Please restate every line below exactly, without any pictures.

(Data extract)

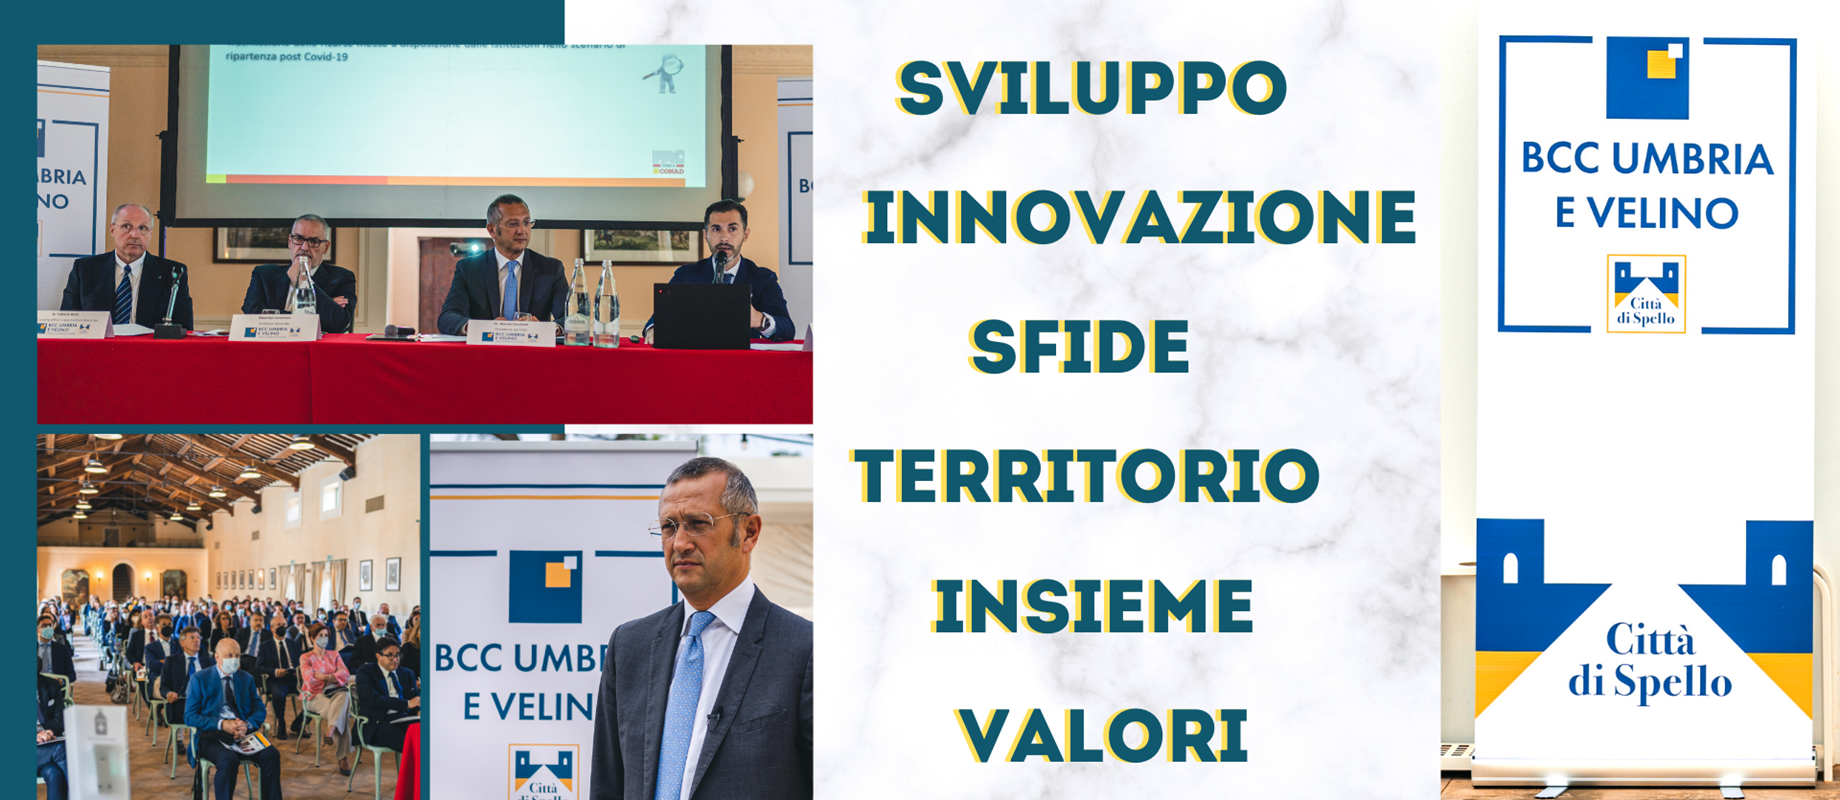 PERSONAE Convention del personale della nuova BCC dell'Umbria e del Velino 
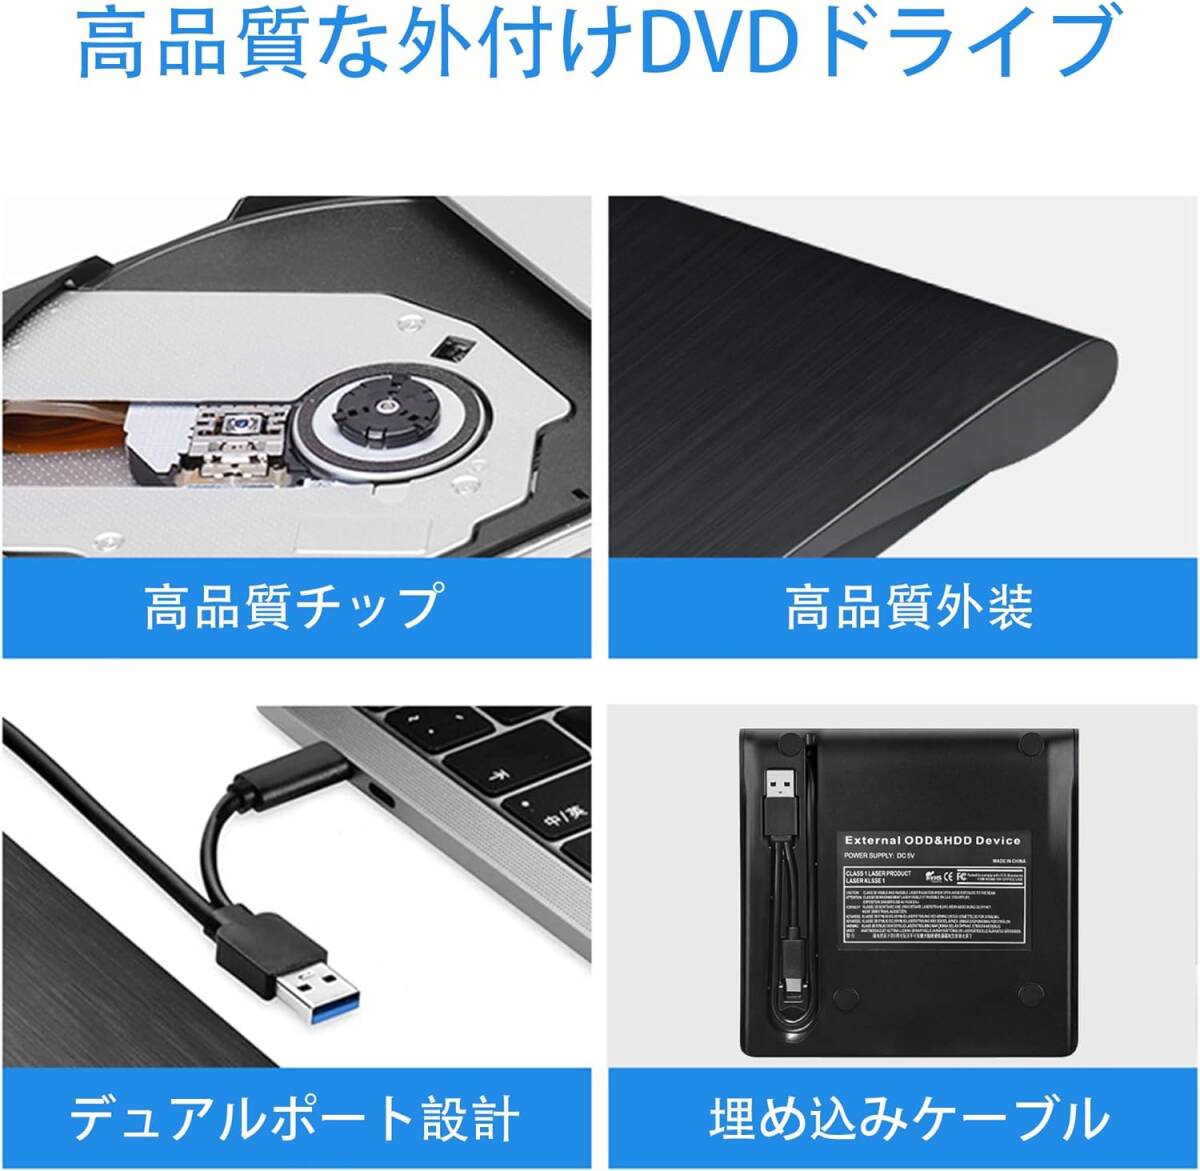 KIMOCA 外付け DVDドライブ 極静音 CD 高速 USB 3.0&Type-Cデュアルポート 外付けCDドライブ 読み出し&書き込み CDドライブ 外付け 
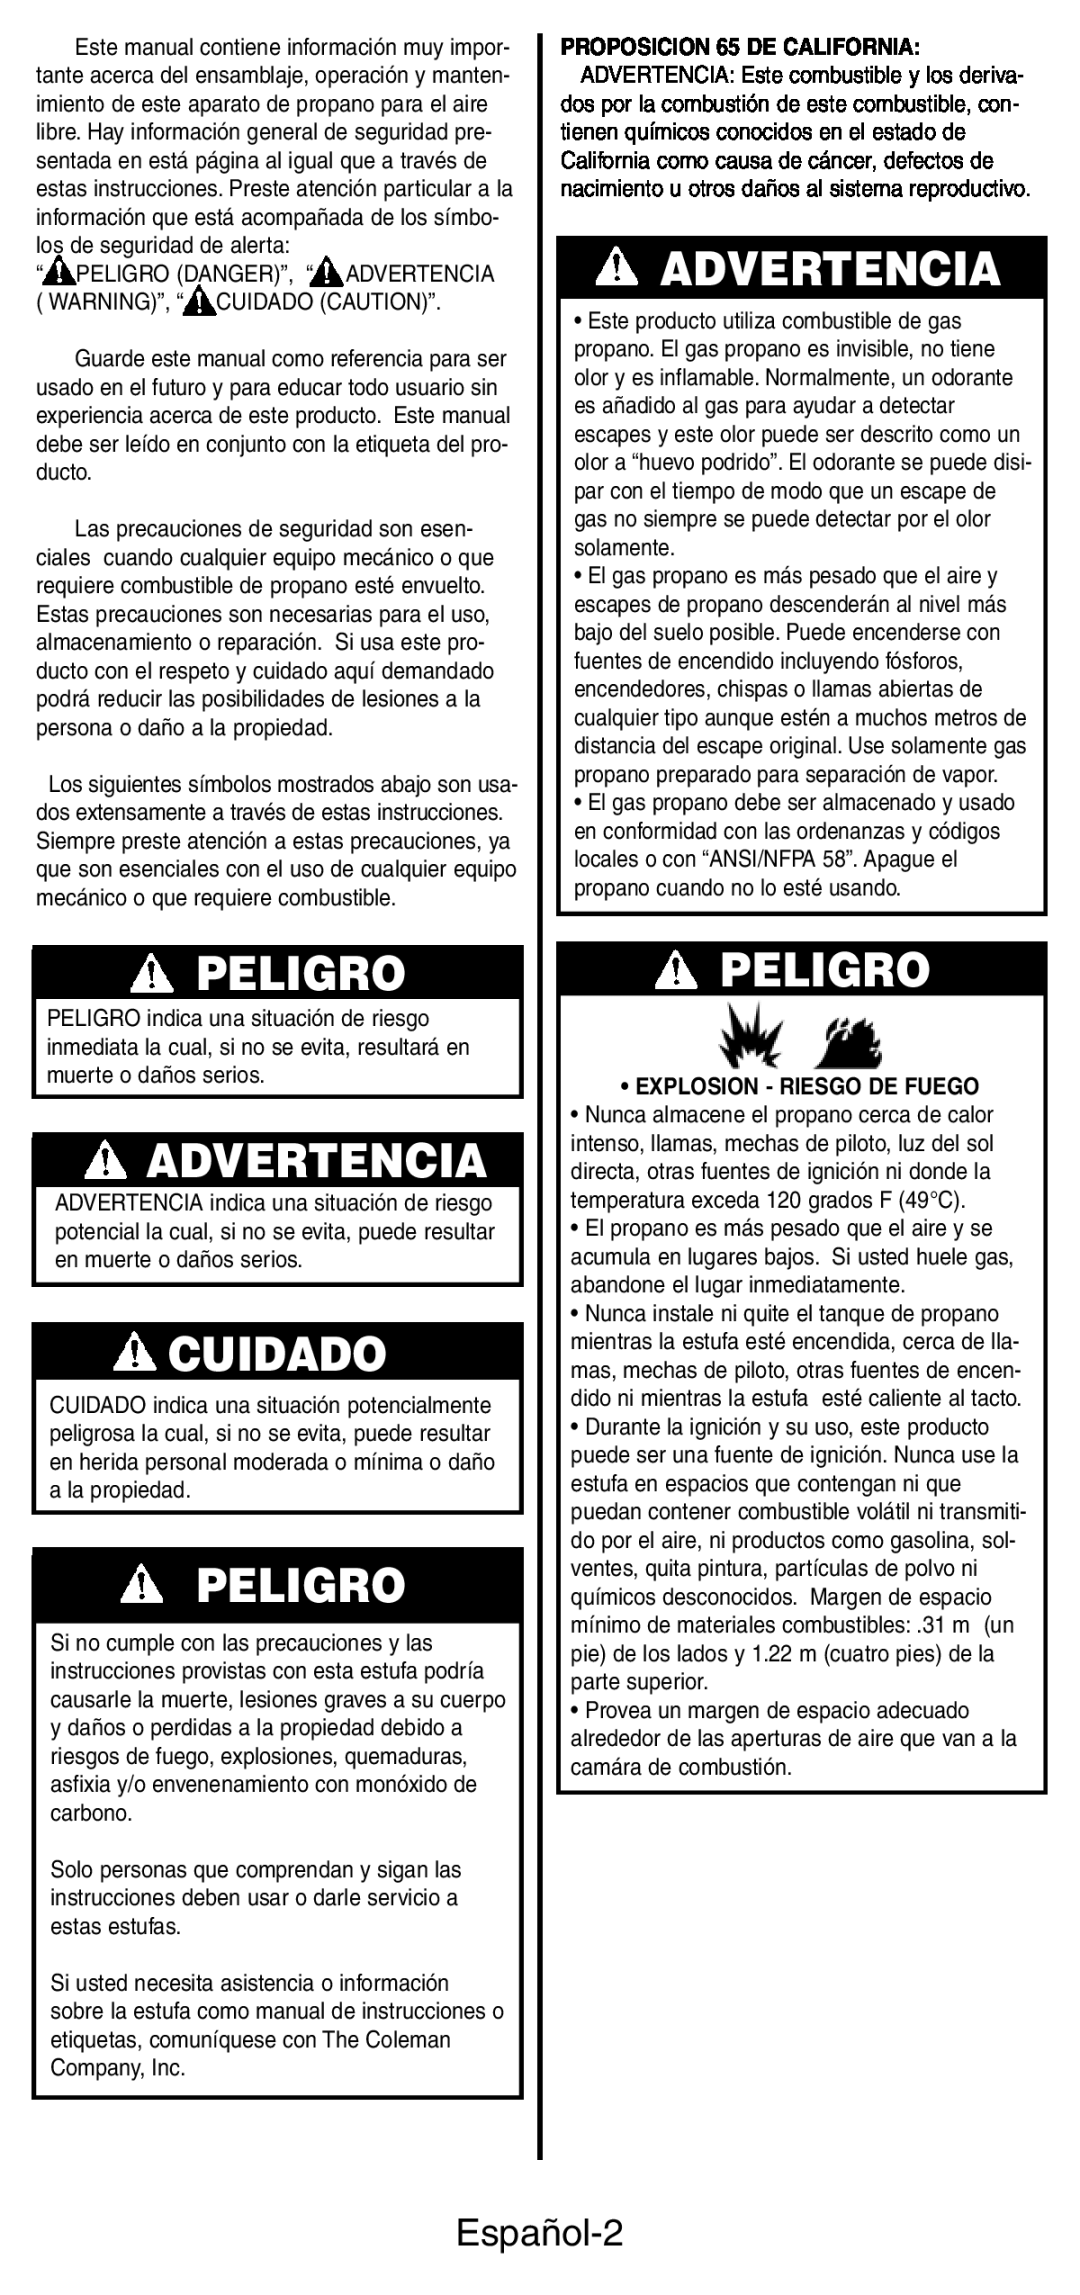 Coleman 5444 Series manual Peligro, Advertencia, Cuidado, Español-2, Explosion - Riesgo De Fuego 
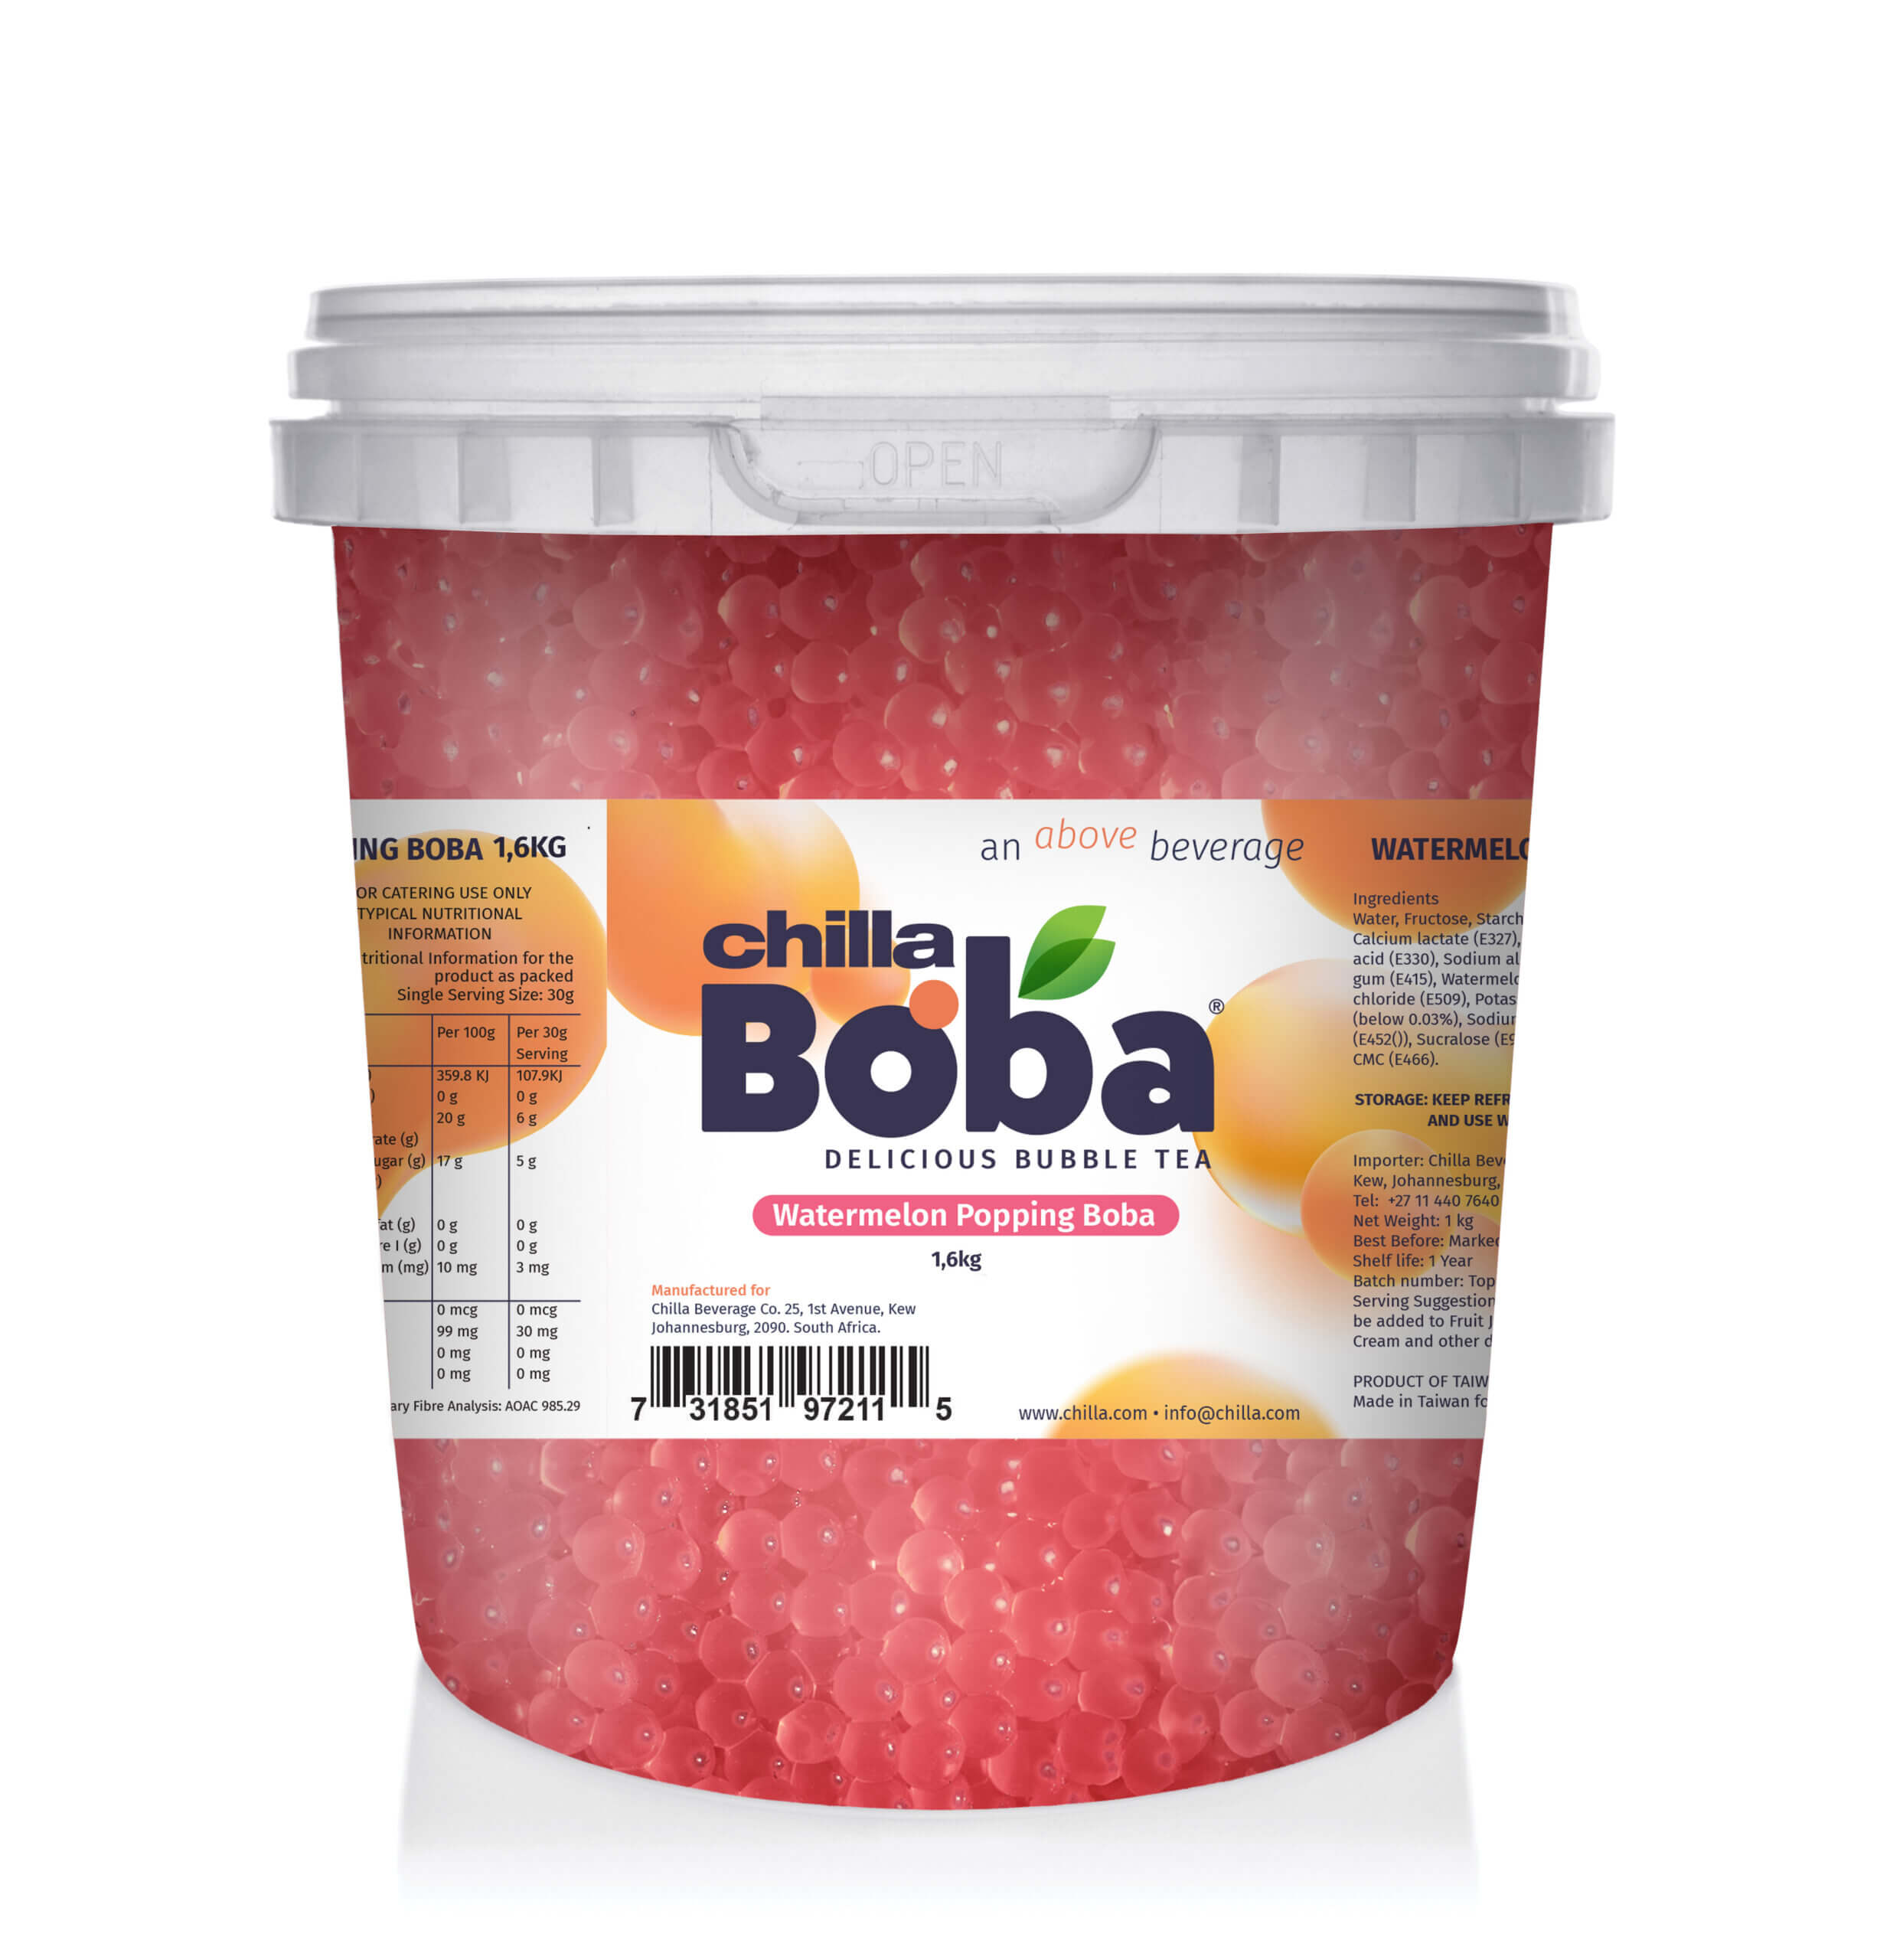 Watermelon Popping Boba 1.6kg | Not Kosher

(End Data extract)

• Response to this task
 PERSONAE Convention del personale della nuova BCC dell'Umbria e del Velino 
 KIMOCA 外付け DVDドライブ 極静音 CD 高速 USB 3.0&Type-Cデュアルポート 外付けCDドライブ 読み出し&書き込み CDドライブ 外付け 
 Coleman 5444 Series manual Peligro, Advertencia, Cuidado, Español-2, Explosion - Riesgo De Fuego 
 Watermelon Popping Boba 1.6kg | Not Kosher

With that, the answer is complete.